Information provided: Begin

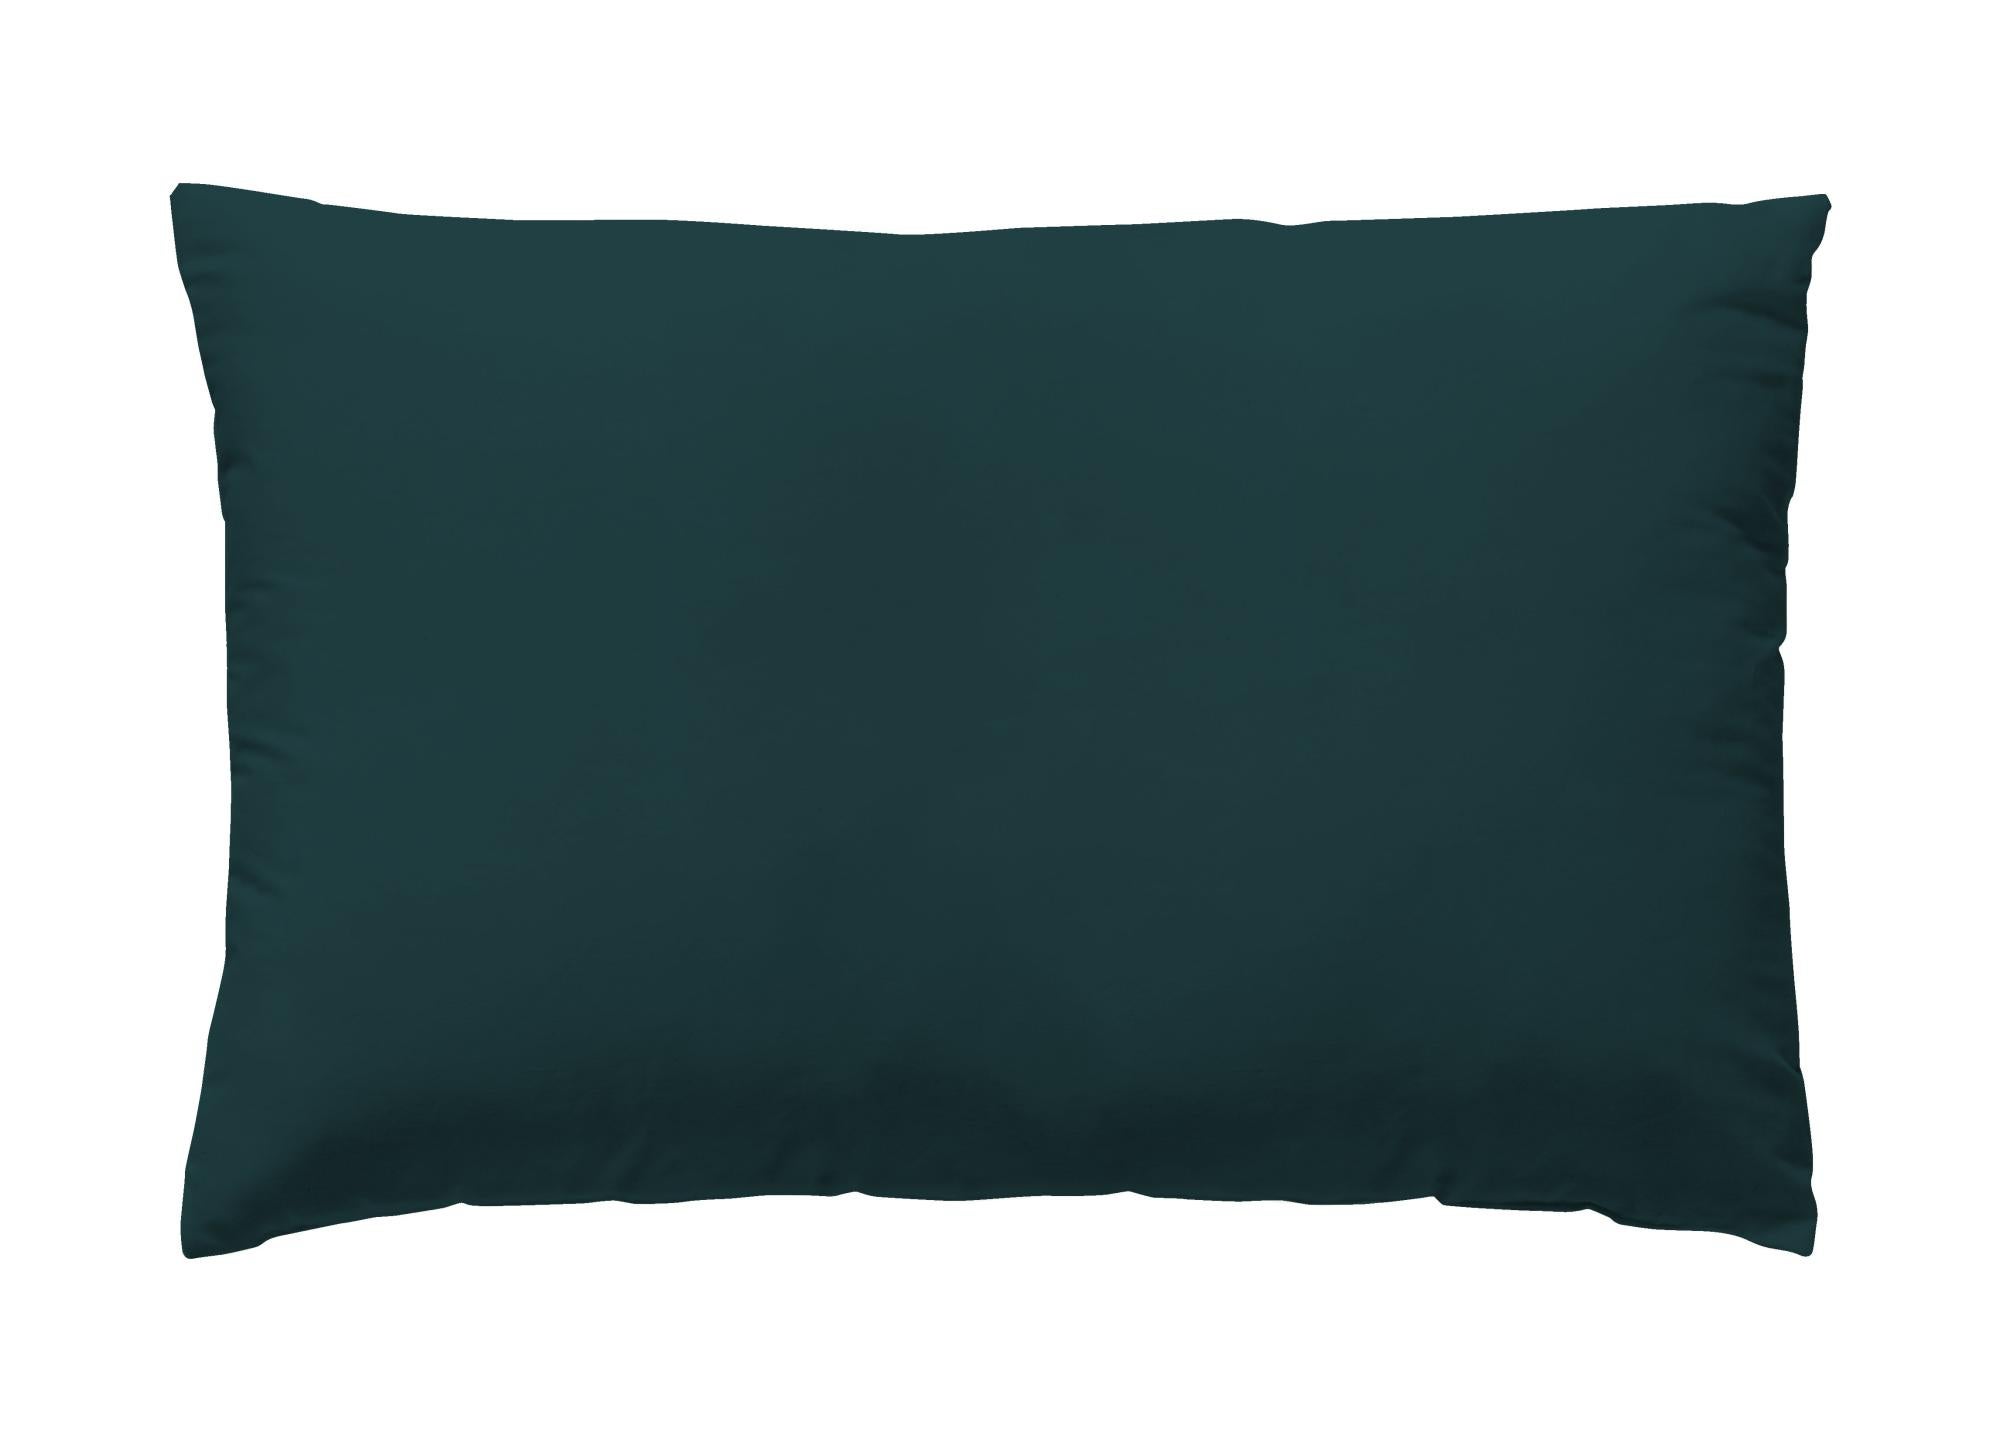 Funda de almohada wash garment algodón 200 hilos verde teal 50 x 75 cm
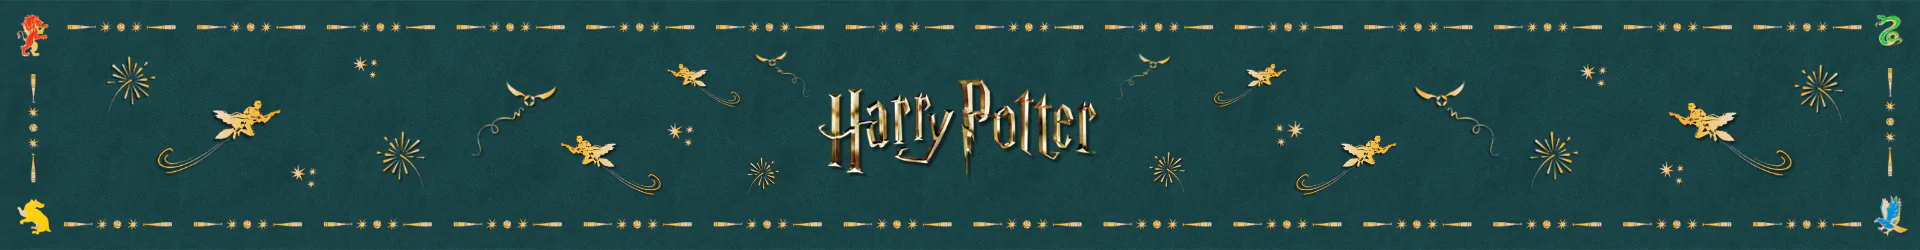 Harry Potter Produkte banner
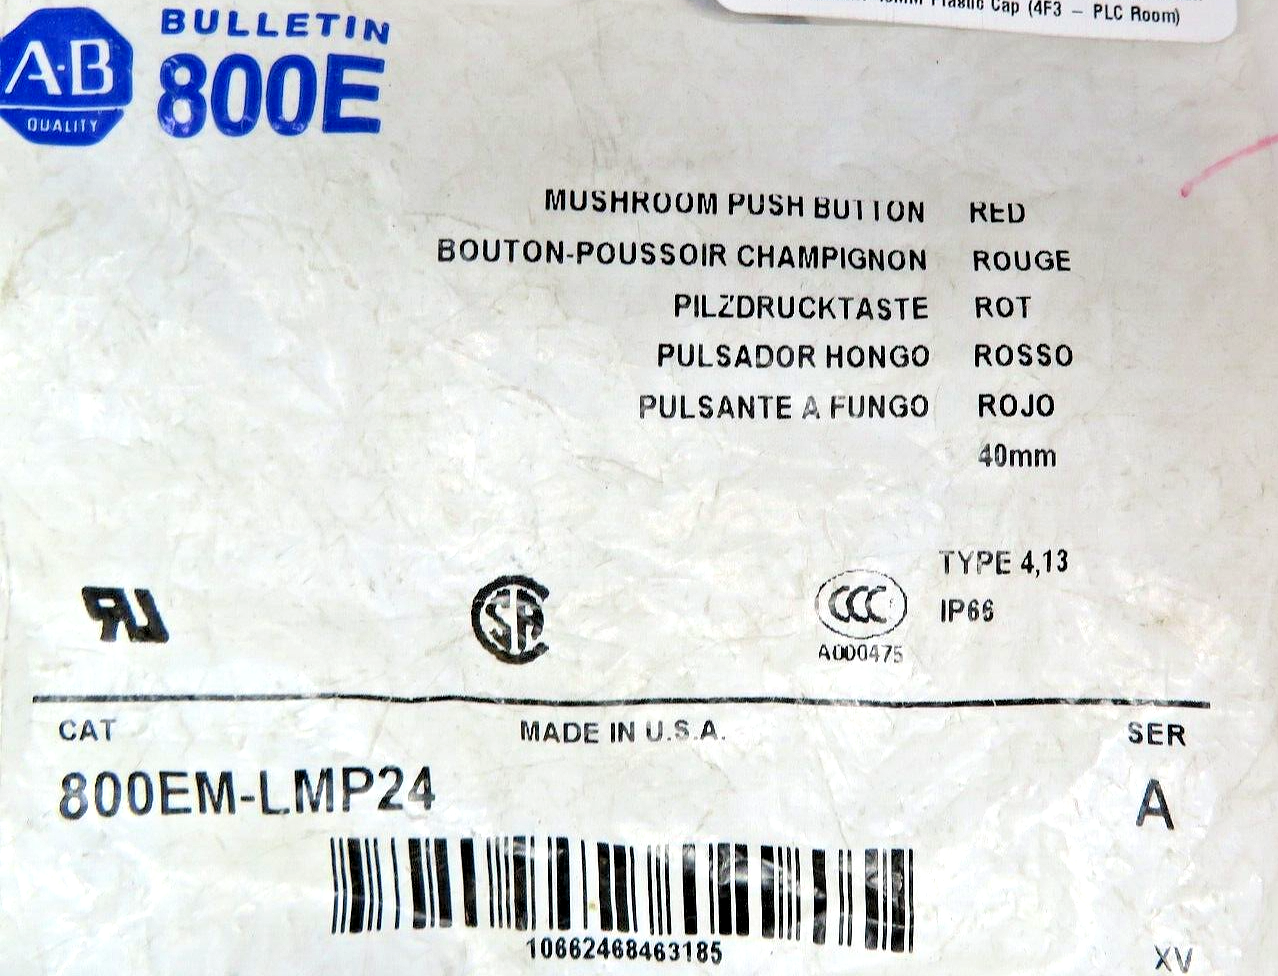 Allen-Bradley 800EM-LMP24 Mushroom Push Button Red ILLUM. 40MM Plastic Cap
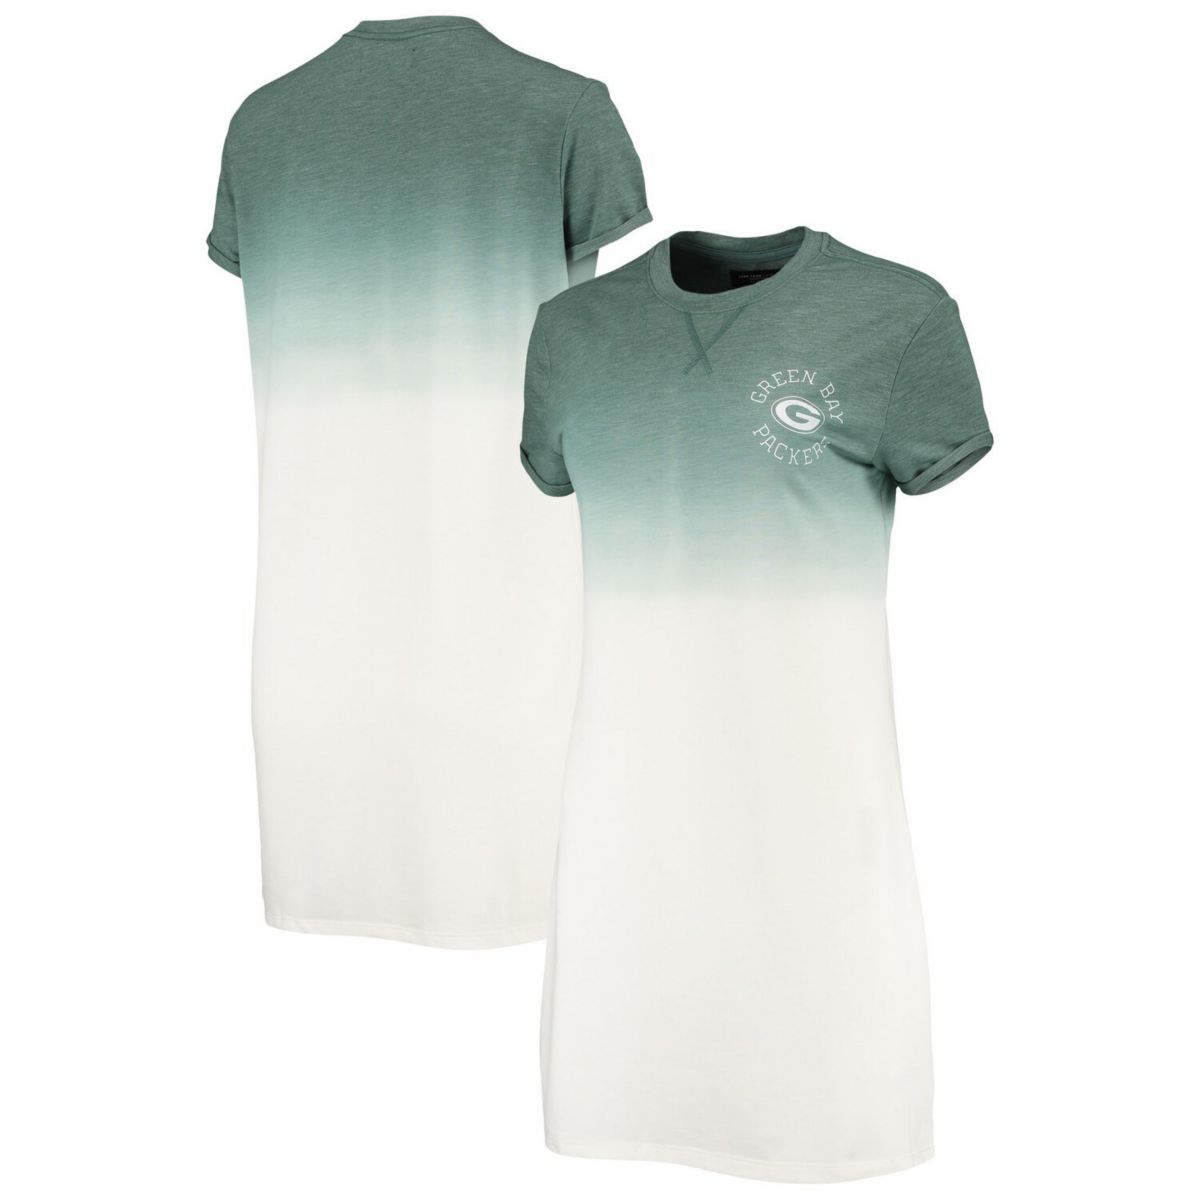 Женское платье-футболка Green Bay Packers с эффектом омбре, меланжевое, зелено-белое, с эффектом омбре Unbranded

Information provided: End

Exercise
Copy each line of the material above exactly, but not the images.

Written solution
 Funda de almohada wash garment algodón 200 hilos verde teal 50 x 75 cm
 Harry Potter Produkte banner
 Allen-Bradley 800EM-LMP24 Mushroom Push Button Red ILLUM. 40MM Plastic Cap
 Женское платье-футболка Green Bay Packers с эффектом омбре, меланжевое, зелено-белое, с эффектом омбре Unbranded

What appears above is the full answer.